• DIRECTIONS FOR THIS TASK: Your task is to write out the entire listing exactly, omitting its pictures.

• DATA SECTION:
· · ·
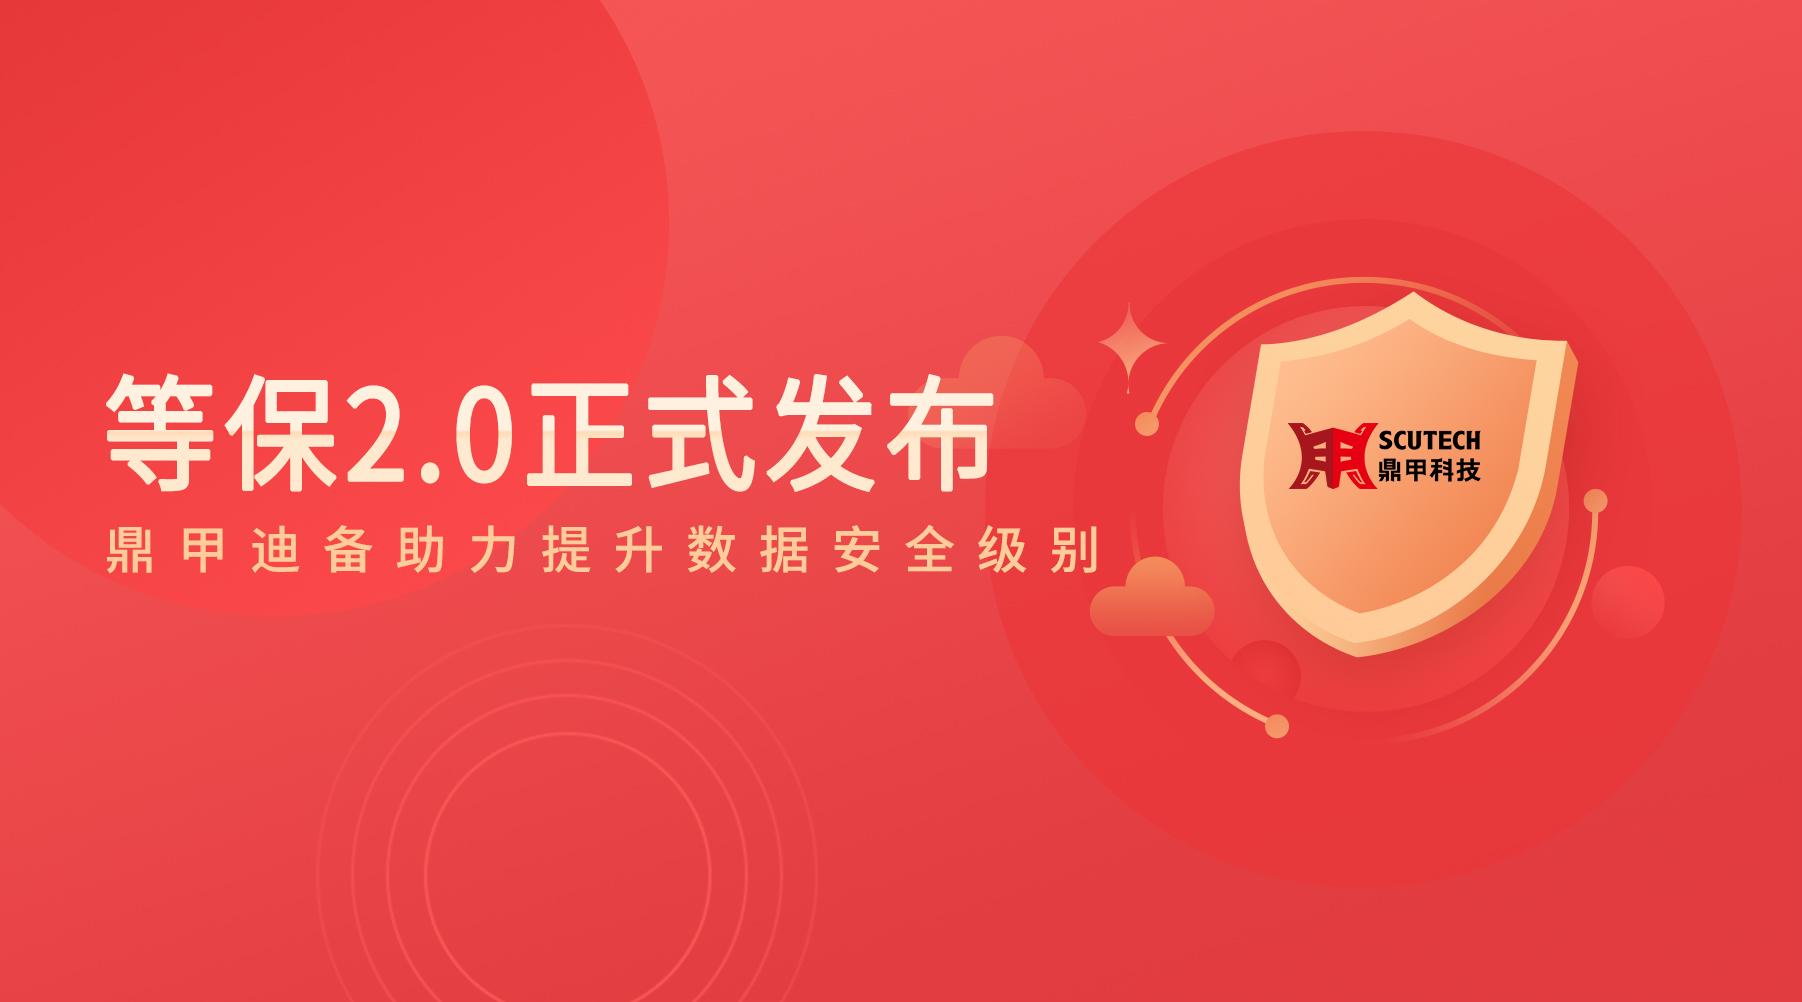 等保2.0正式发布,鼎甲迪备助力提升数据安全级别
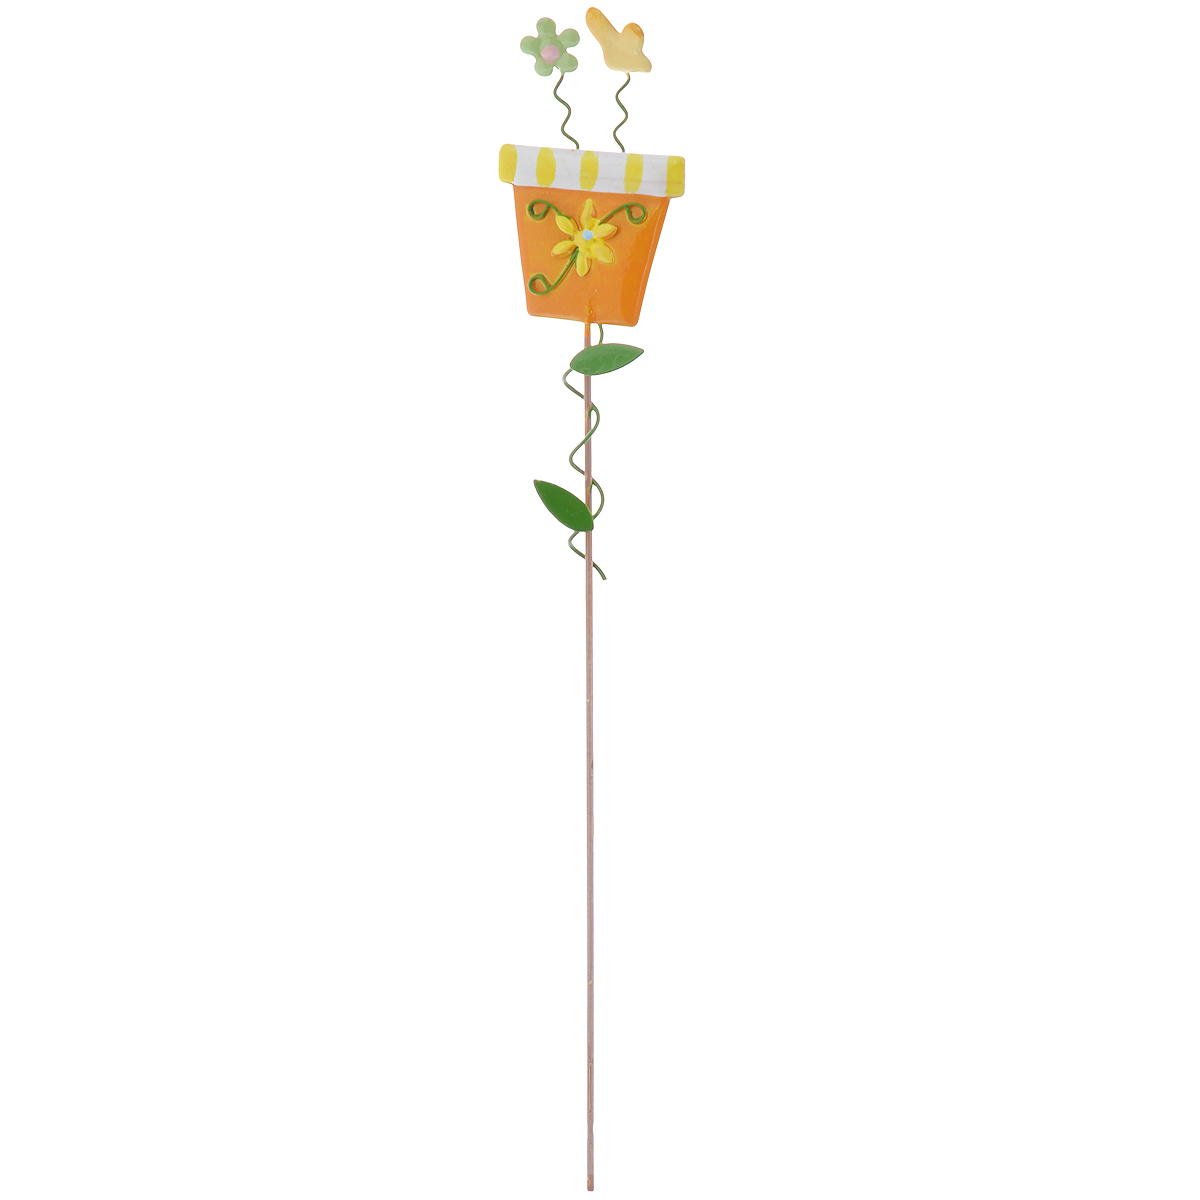 Украшение на ножке Village People Солнечная клумба, цвет: оранжевый, высота 30 смB-0304Украшение на ножке Village People Солнечная клумба поможет вам дополнить экстерьер красивой и яркой деталью. Такое украшение очень просто вставляется в землю с помощью длинной ножки, оно отлично переносит любые погодные условия и прослужит долгое время. Идеально подходит для декорирования садового участка, грядок, клумб, домашних цветов в горшках, а также для поддержки и правильного роста декоративных растений.Размер декоративного элемента: 4,5 см х 7,5 см. Высота: 30 см.
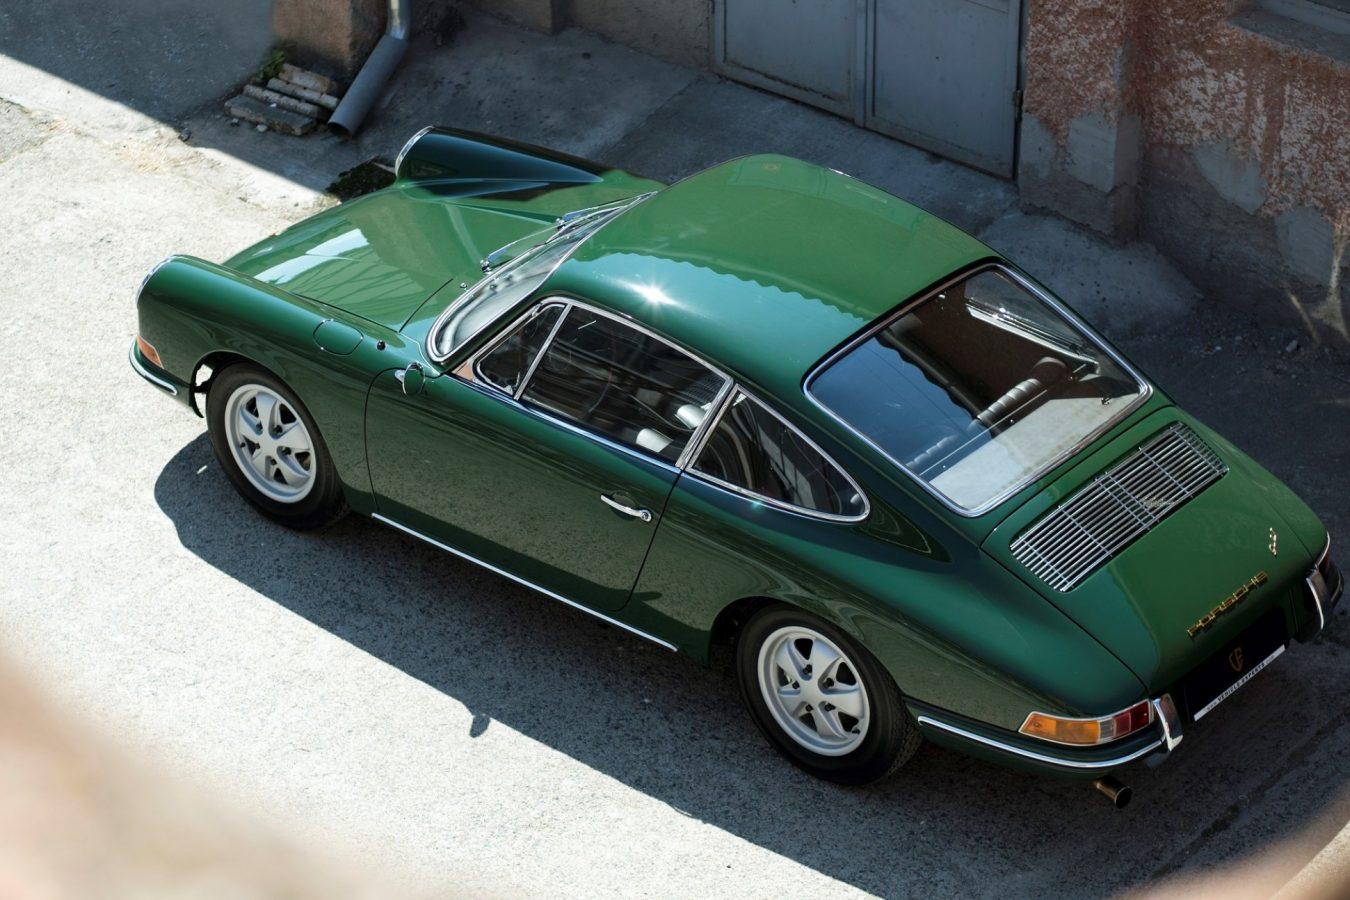 Porsche 911 SWB in Grün von oben
· · ·
• SOLUTION FOR THIS EXERCISE:
 等保2.0正式发布,鼎甲迪备助力提升数据安全级别
 Украшение на ножке Village People Солнечная клумба, цвет: оранжевый, высота 30 смB-0304Украшение на ножке Village People Солнечная клумба поможет вам дополнить экстерьер красивой и яркой деталью. Такое украшение очень просто вставляется в землю с помощью длинной ножки, оно отлично переносит любые погодные условия и прослужит долгое время. Идеально подходит для декорирования садового участка, грядок, клумб, домашних цветов в горшках, а также для поддержки и правильного роста декоративных растений.Размер декоративного элемента: 4,5 см х 7,5 см. Высота: 30 см.
 Porsche 911 SWB in Grün von oben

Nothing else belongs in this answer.